Karl Rábago, executive director of the Pace Energy and Climate Center in New York and a respected solar analyst, said Dominion “inflated the cost of solar using a ‘proxy’ cost for grid upgrades that radically alters how the model selects solar resources.”
Rábago testified that the only scenario that Dominion asserted could meet its emissions cap under the CPP was $1.5 billion more expensive than a model it ran but did not disclose — which did not involve any nuclear but instead on a mix of natural gas and solar — until compelled to do so under discovery proceedings. He said Dominion rejected his scenario “as too ‘risky’ without actually running the comprehensive risk analysis they ran on all other (scenarios).”
Botkins rebutted Rábago’s testimony, saying he did not include the cost of upgrading its transmission network and backup generating sources to accommodate its modest, but now growing, portfolio of solar energy systems.
Rábago asserted that the charge Dominion used – of $390 per kilowatt – “was way out of the range of reasonableness” and “means that the IRP (scenario) selected even less solar than it would have had fair costs been included.”

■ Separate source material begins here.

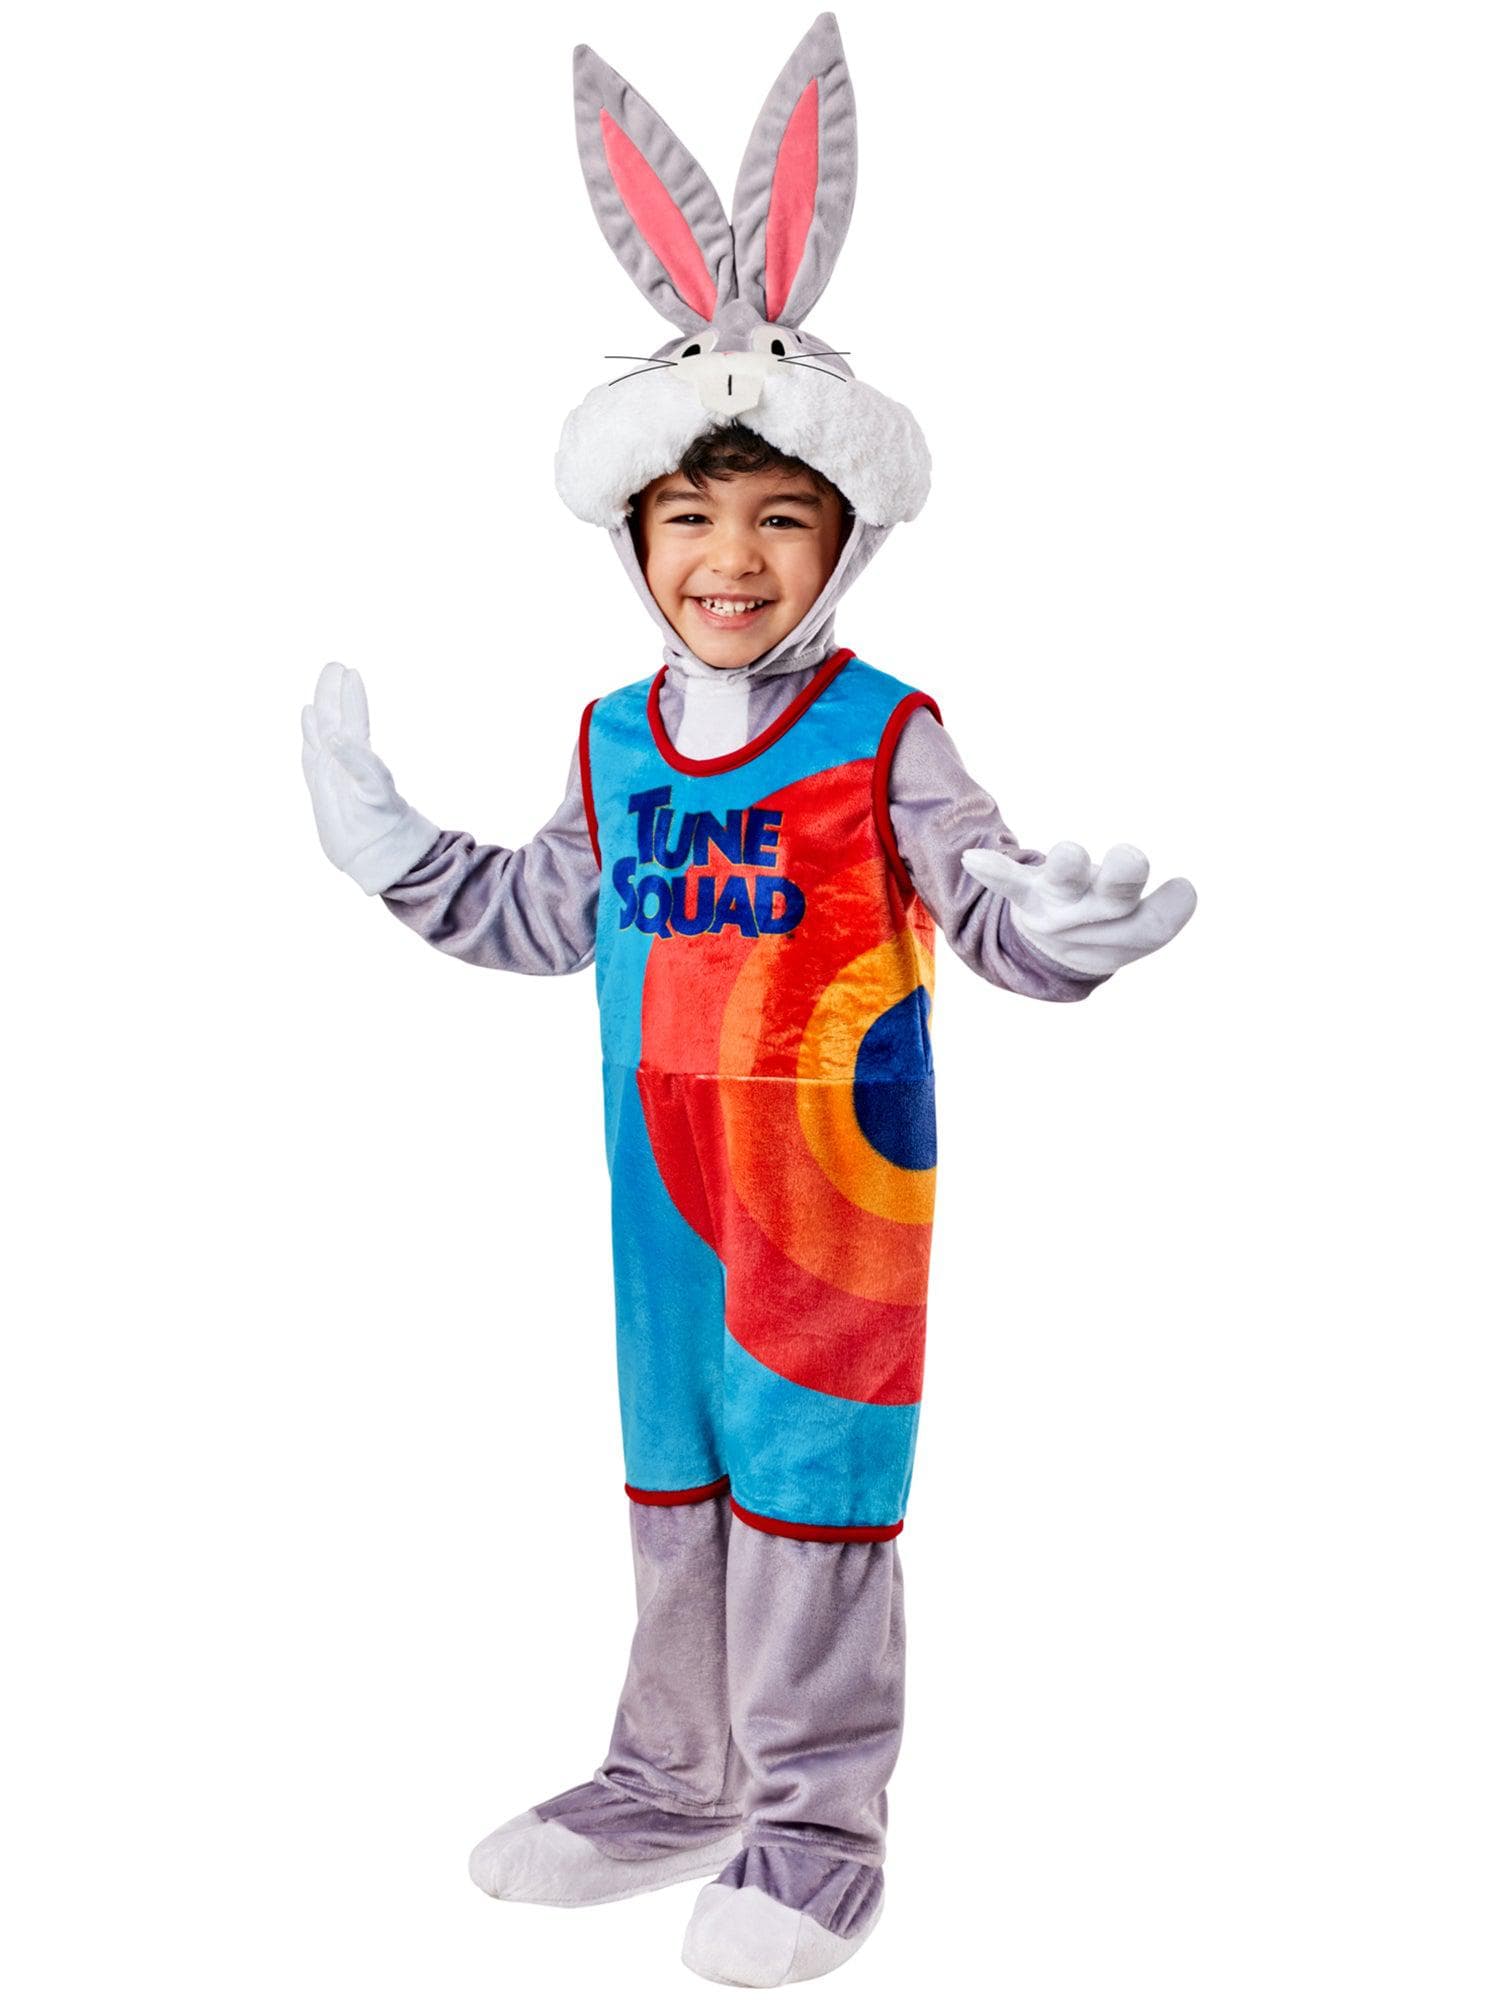 Space Jam: A New Legacy Bugs Bunny Costume for Babies and Toddlers - costumes.com

Bob Thomas, who is managing Dominion’s IRP and is its Director of Energy Markets Analysis, defended the $390-per-kilowatt figure. He claimed for every 1,000 megawatts of solar added and its intermittent availability, Dominion needs to back it up with 450 megawatts of natural gas-fueled combustion turbines.

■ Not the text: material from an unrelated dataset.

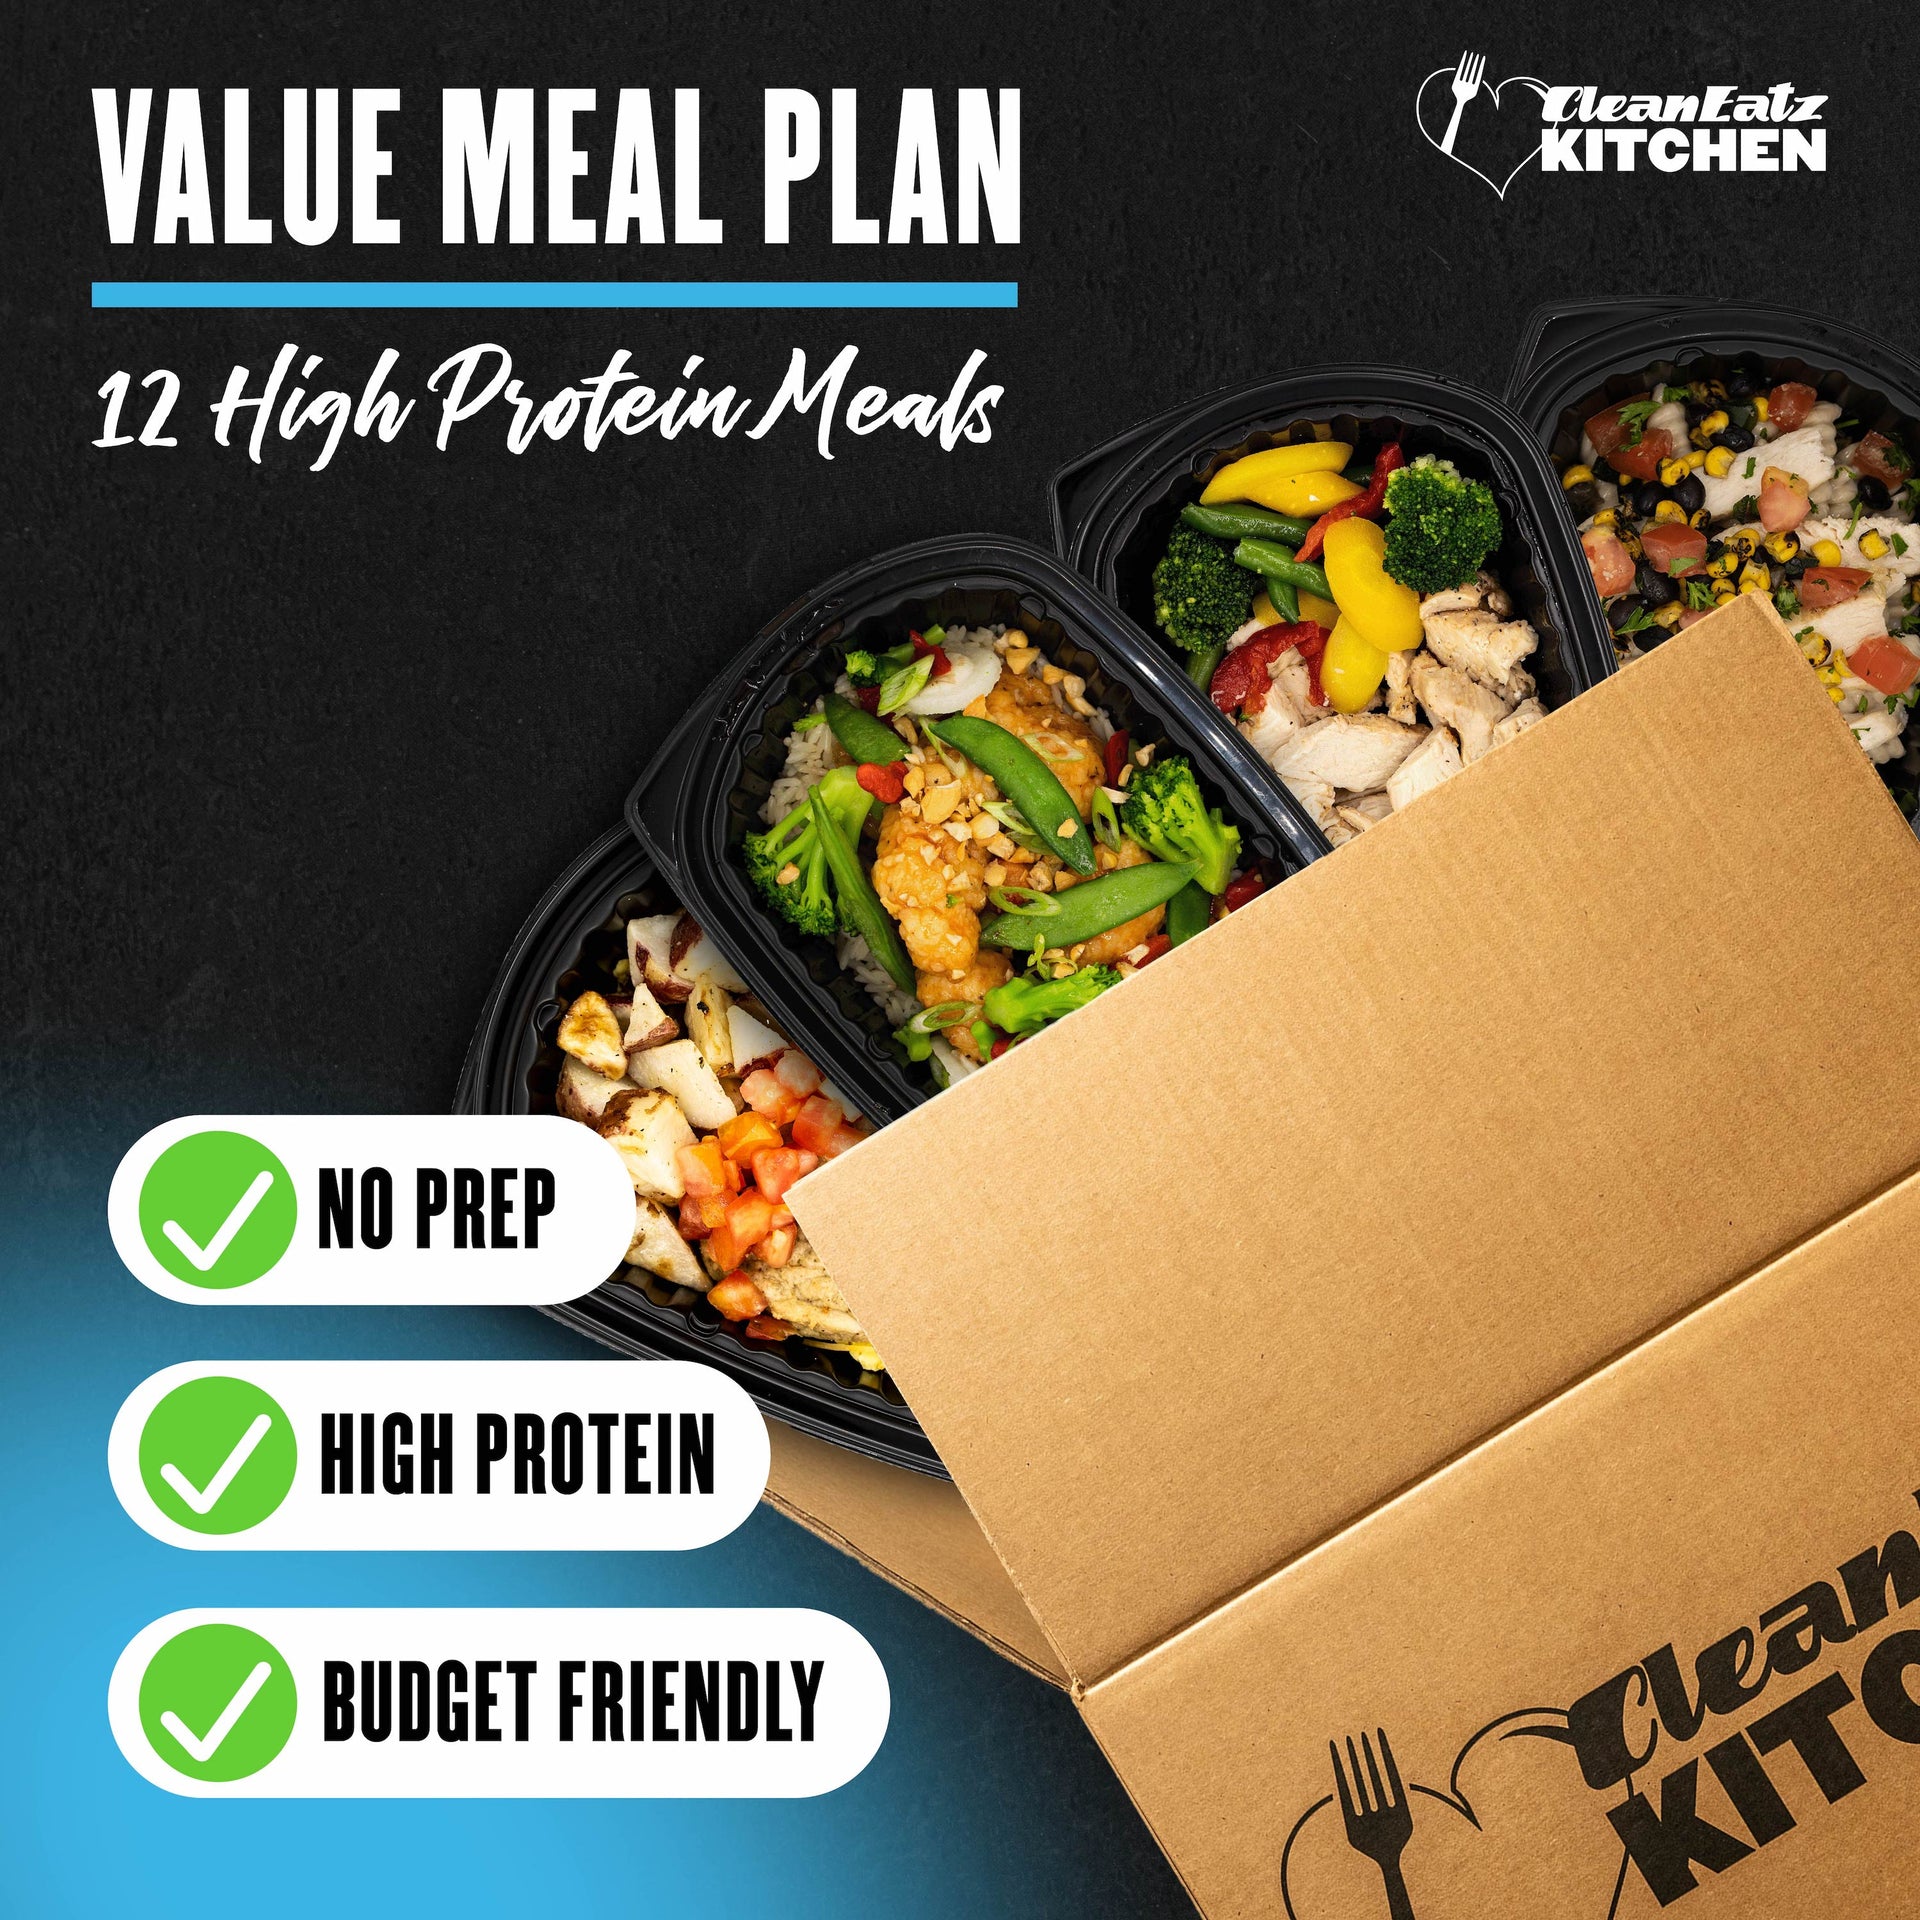 Value meal options

Rábago was quick to add that he’s been challenging Dominion’s solar integration costs in at least three IRPs. “My point is that the company is supposed to take a hard look at resources and their costs and benefits. They have not,” Rábago said.
Botkins said Dominion will “develop new planning processes and tools to better quantify renewable energy integration costs … in future IRPs.”
Energy efficiency consultant Jeffry Loiter said Dominion neglected to “properly study alternative rate designs” that would integrate efficiency options into meeting future power demand. But Dominion replied that characterization “was not shared by Commission staff” and that it offered alternative rate designs in the current and previous IRPs.
Dominion claims demand throughout its service territory in Virginia will grow by about 1.5% per year. But independent economist James Wilson challenged that in testimony, saying demand has been relatively flat for the past decade. Much of that is widely attributable to the 2008-2010 recession but more recently to companies boosting investments in energy efficiency.
Power demand from the increasing number of data centers in Northern Virginia is growing, Wilson acknowledged. But some data center operators – companies such as Amazon, Facebook and Google – are choosing to power their operations with renewable sources either in Virginia or elsewhere in the PJM power grid that Dominion operates in.
Dominion’s application for a combined construction and operating license at the Nuclear Regulatory Commission for a third reactor at its North Anna complex in central Virginia – its fifth system-wide – could be issued as early as next March, according to Thomas.
With that in hand, Virginia regulators are expected to decide whether the utility can proceed and if, as a least-cost option, adding a fifth reactor will, or won’t, adversely impact ratepayers and whether it is needed to maintain system reliability.
The Commission is expected to weigh in on the integrated resource plan by Dec. 1.